It is not a free ride, but must be earned. The beast is a stern taskmaster possessing the power of death and will not relinquish passage to timid souls. You soar closer, circling, looking into those challenging eyes. It lashes out with its trunk and you bank away. On your next pass it tosses its head and a tusk grazes your wing. You circle around, intent on landing upon its broad back, your sanctuary. The elephant is still, inviting, but as you come in it flicks its tail, raking your leg. You feel your flesh part and the pain shocks your body. Undeterred, you glide in, as though passing through the eye of the needle, your blood flowing crimson against the beast’s gray skin as you safely land on the saddle of its back, between its massive shoulder blades. The elephant raises its head, turning to eye you squarely, then trumpets in approval and begins plodding majestically toward the frozen river.

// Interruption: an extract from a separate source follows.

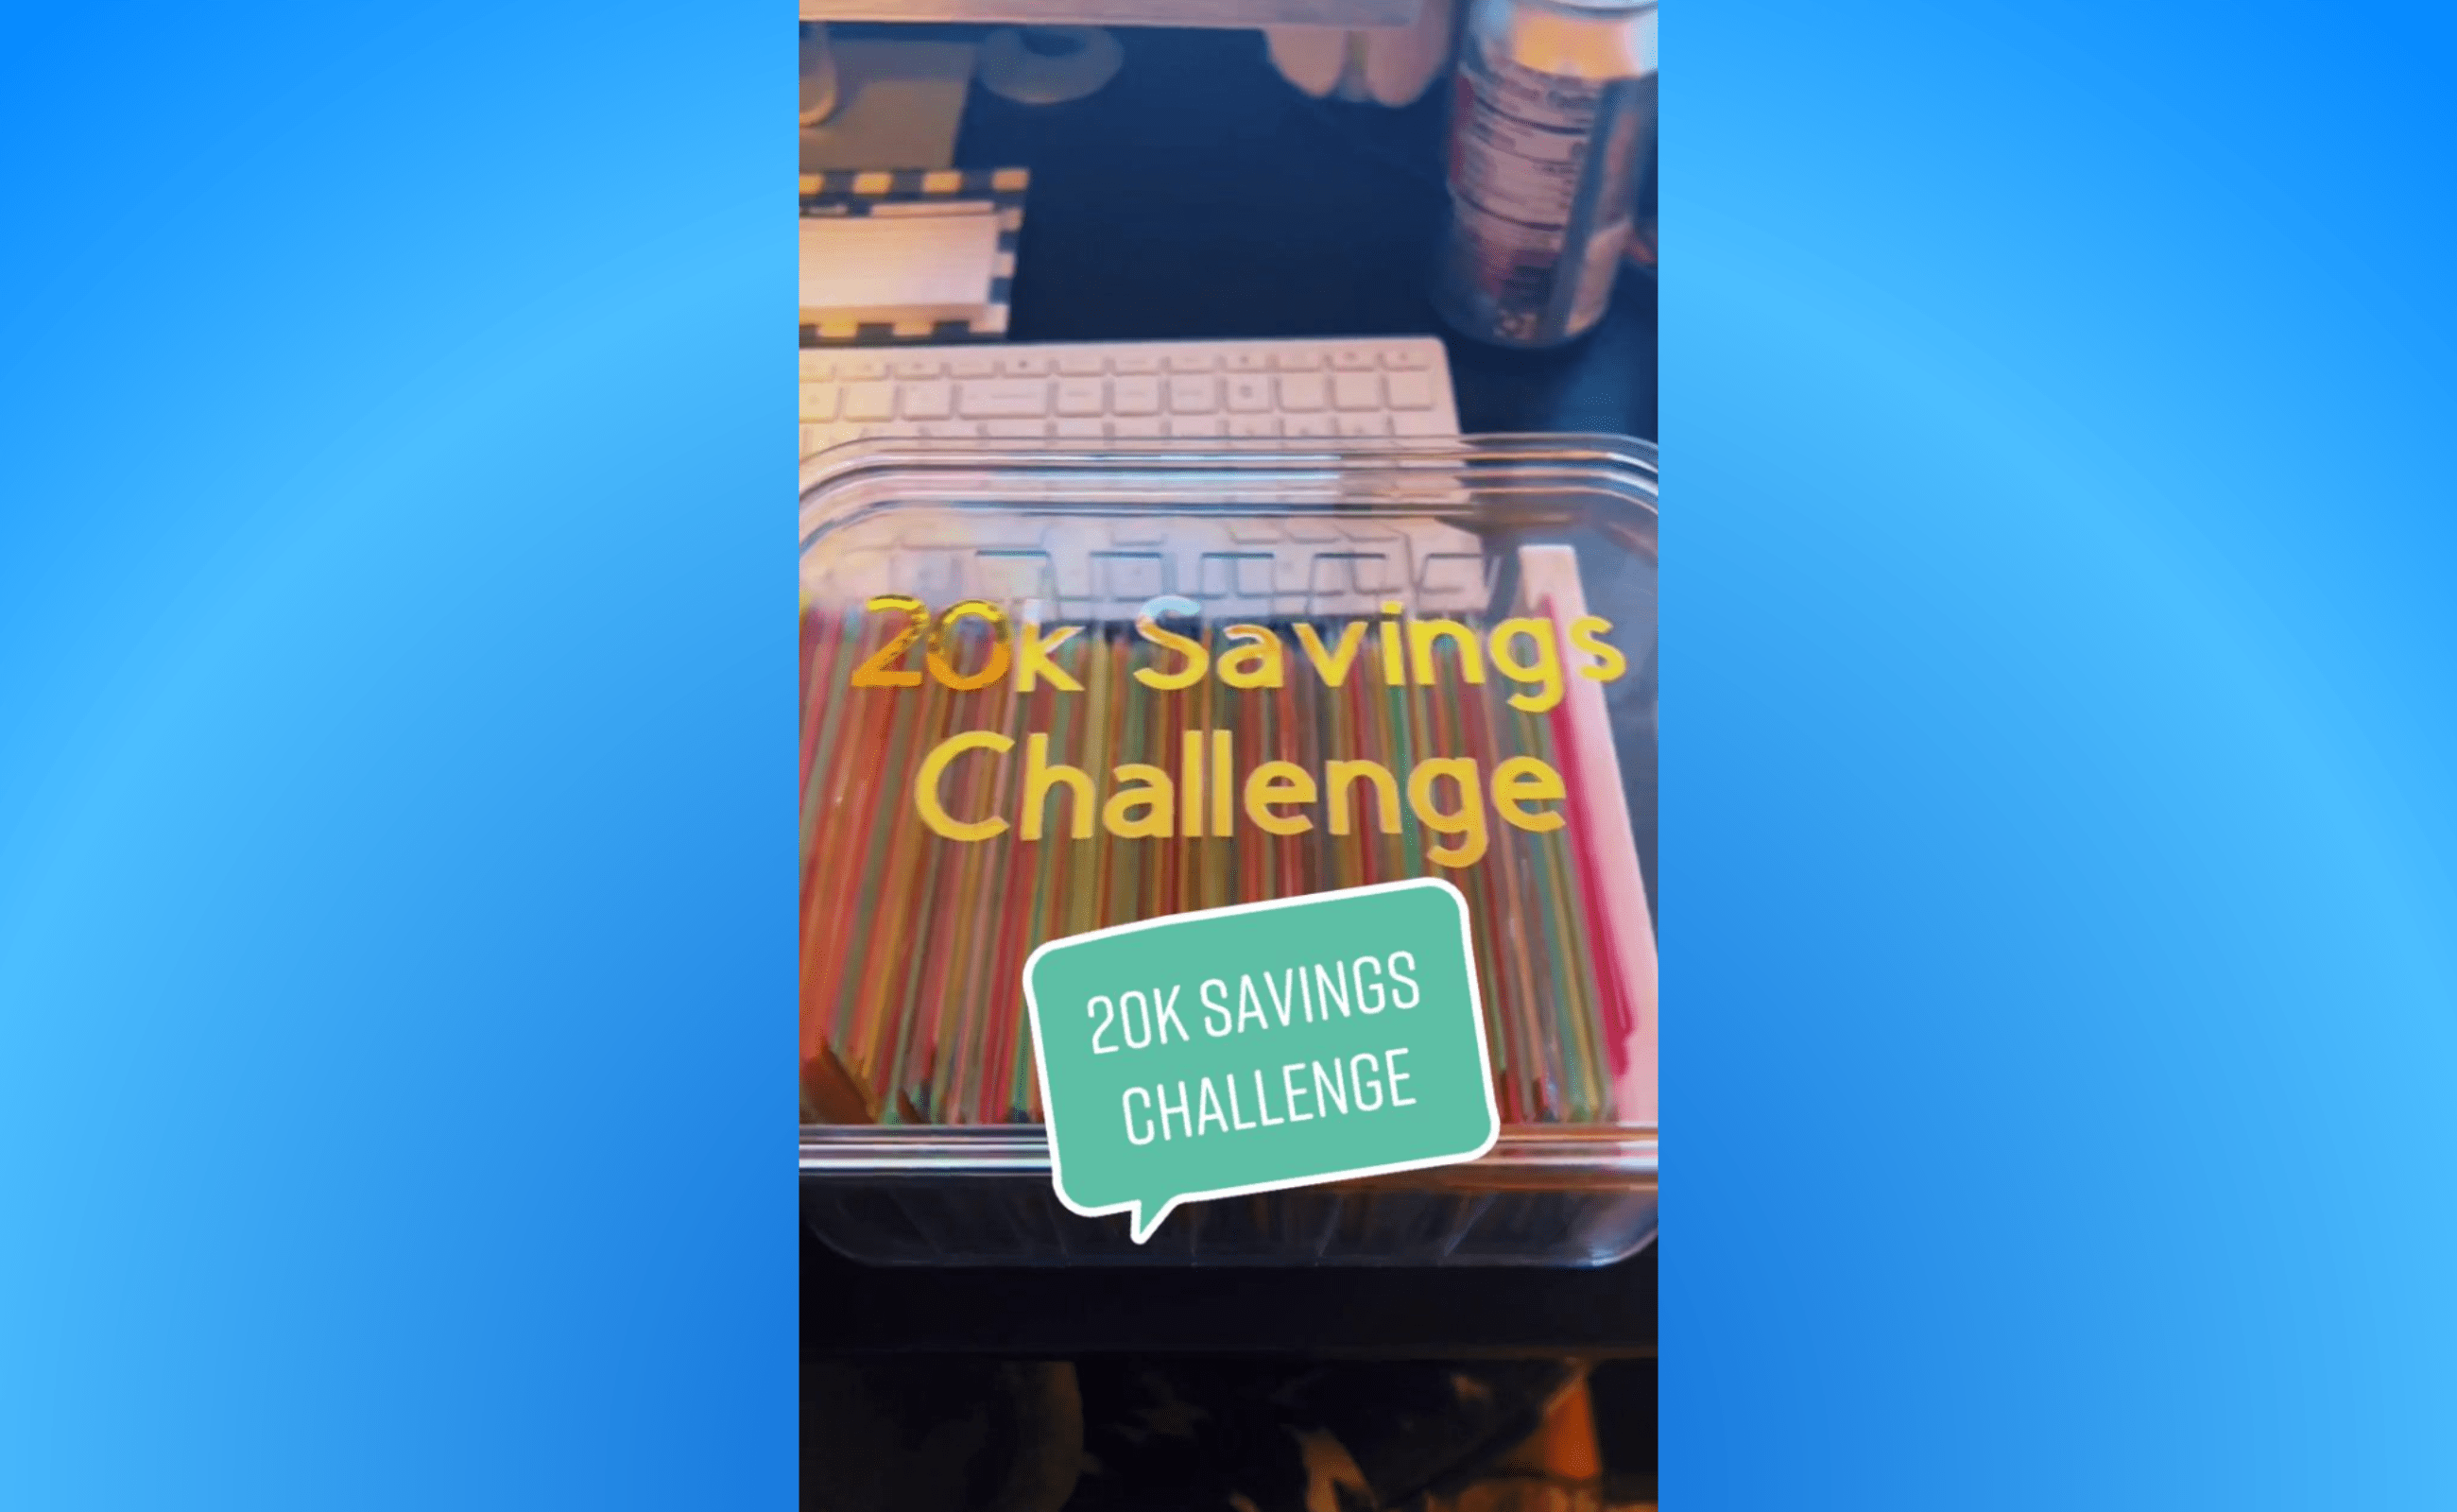 TikTok Challenge Idea: Savings challenge

As the creature steps upon the ice you hear in the distance a deep, rhythmic thumping, heavy and dense, shaking the air, and your first thought is of a thundering Merlin V-12 engine powering a P-40 Warhawk through blue Italian skies. The elephant moves toward the verdant shore, the ice creaking beneath its immense feet. The engine comes closer, louder, and you change your mind—it is the roar of your Hueycobra gunship screaming across the emerald forest. At mid-stream the ice spiderwebs like a gunshot canopy and your mind changes again—it is the staccato pounding of an M-60 machine gun and you smell the burnt cordite as Angus rips the jungle open, dealing death and receiving it in equal measure.

Finally, the beast lurches up on the far shore and lowers you to the grassy earth, lit up green in the streaming sunlight. Your world comes alive with life and movement, bright colors, celestial music, fruiting trees and swaying flowers scented with gardenia, lilac and jasmine, all competing superlatives, impossible to experience all at once. You breathe deeply and smell the cool air, as clean and fresh as life itself. You feel light, ready to take flight again, but the elephant beckons you and you understand that there is no longer a need to fly. It lifts its trunk and presents its parting numinous reward— hierophant to apprentice—a bright and shiny silver dollar. And in that final brief moment of clarity, when you understand that the pounding engine is the thumping of your own heart, you are permitted this single insight: that you are precisely where you are supposed to be at that moment in your life.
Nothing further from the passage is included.